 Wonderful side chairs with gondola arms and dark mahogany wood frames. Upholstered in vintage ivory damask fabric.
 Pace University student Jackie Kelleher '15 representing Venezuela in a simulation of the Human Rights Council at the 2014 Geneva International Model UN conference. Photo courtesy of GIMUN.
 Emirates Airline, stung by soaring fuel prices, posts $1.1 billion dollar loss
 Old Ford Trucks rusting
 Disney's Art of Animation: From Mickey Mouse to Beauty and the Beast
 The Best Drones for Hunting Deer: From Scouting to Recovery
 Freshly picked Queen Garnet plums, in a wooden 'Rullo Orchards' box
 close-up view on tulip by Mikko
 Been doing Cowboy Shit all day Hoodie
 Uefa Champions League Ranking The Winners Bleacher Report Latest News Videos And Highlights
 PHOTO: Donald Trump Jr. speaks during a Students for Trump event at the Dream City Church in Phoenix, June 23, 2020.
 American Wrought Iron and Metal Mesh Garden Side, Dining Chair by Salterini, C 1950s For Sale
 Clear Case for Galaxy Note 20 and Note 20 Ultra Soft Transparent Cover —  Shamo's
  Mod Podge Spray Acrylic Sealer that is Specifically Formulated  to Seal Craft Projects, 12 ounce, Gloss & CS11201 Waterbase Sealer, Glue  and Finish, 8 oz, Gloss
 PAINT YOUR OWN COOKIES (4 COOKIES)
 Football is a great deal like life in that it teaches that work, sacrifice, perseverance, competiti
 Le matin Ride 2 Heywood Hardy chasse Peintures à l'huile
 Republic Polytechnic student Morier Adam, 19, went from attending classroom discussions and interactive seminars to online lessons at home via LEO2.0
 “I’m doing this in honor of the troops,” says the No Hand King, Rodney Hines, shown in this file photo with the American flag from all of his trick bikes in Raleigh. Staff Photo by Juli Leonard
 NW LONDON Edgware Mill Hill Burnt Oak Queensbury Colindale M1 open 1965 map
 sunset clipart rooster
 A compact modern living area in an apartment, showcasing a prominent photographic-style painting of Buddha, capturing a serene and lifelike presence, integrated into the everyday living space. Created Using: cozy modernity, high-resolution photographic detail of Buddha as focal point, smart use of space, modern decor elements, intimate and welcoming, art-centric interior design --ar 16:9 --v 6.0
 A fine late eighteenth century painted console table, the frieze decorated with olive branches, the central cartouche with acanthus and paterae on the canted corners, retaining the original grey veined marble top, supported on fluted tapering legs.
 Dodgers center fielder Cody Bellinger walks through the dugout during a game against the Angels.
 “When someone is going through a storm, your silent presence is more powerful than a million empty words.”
----------------
> Required action
Every line of the material should be transcribed without alteration.

> Solved problem
 Wonderful side chairs with gondola arms and dark mahogany wood frames. Upholstered in vintage ivory damask fabric.
 Pace University student Jackie Kelleher '15 representing Venezuela in a simulation of the Human Rights Council at the 2014 Geneva International Model UN conference. Photo courtesy of GIMUN.
 Emirates Airline, stung by soaring fuel prices, posts $1.1 billion dollar loss
 Old Ford Trucks rusting
 Disney's Art of Animation: From Mickey Mouse to Beauty and the Beast
 The Best Drones for Hunting Deer: From Scouting to Recovery
 Freshly picked Queen Garnet plums, in a wooden 'Rullo Orchards' box
 close-up view on tulip by Mikko
 Been doing Cowboy Shit all day Hoodie
 Uefa Champions League Ranking The Winners Bleacher Report Latest News Videos And Highlights
 PHOTO: Donald Trump Jr. speaks during a Students for Trump event at the Dream City Church in Phoenix, June 23, 2020.
 American Wrought Iron and Metal Mesh Garden Side, Dining Chair by Salterini, C 1950s For Sale
 Clear Case for Galaxy Note 20 and Note 20 Ultra Soft Transparent Cover —  Shamo's
  Mod Podge Spray Acrylic Sealer that is Specifically Formulated  to Seal Craft Projects, 12 ounce, Gloss & CS11201 Waterbase Sealer, Glue  and Finish, 8 oz, Gloss
 PAINT YOUR OWN COOKIES (4 COOKIES)
 Football is a great deal like life in that it teaches that work, sacrifice, perseverance, competiti
 Le matin Ride 2 Heywood Hardy chasse Peintures à l'huile
 Republic Polytechnic student Morier Adam, 19, went from attending classroom discussions and interactive seminars to online lessons at home via LEO2.0
 “I’m doing this in honor of the troops,” says the No Hand King, Rodney Hines, shown in this file photo with the American flag from all of his trick bikes in Raleigh. Staff Photo by Juli Leonard
 NW LONDON Edgware Mill Hill Burnt Oak Queensbury Colindale M1 open 1965 map
 sunset clipart rooster
 A compact modern living area in an apartment, showcasing a prominent photographic-style painting of Buddha, capturing a serene and lifelike presence, integrated into the everyday living space. Created Using: cozy modernity, high-resolution photographic detail of Buddha as focal point, smart use of space, modern decor elements, intimate and welcoming, art-centric interior design --ar 16:9 --v 6.0
 A fine late eighteenth century painted console table, the frieze decorated with olive branches, the central cartouche with acanthus and paterae on the canted corners, retaining the original grey veined marble top, supported on fluted tapering legs.
 Dodgers center fielder Cody Bellinger walks through the dugout during a game against the Angels.
 “When someone is going through a storm, your silent presence is more powerful than a million empty words.”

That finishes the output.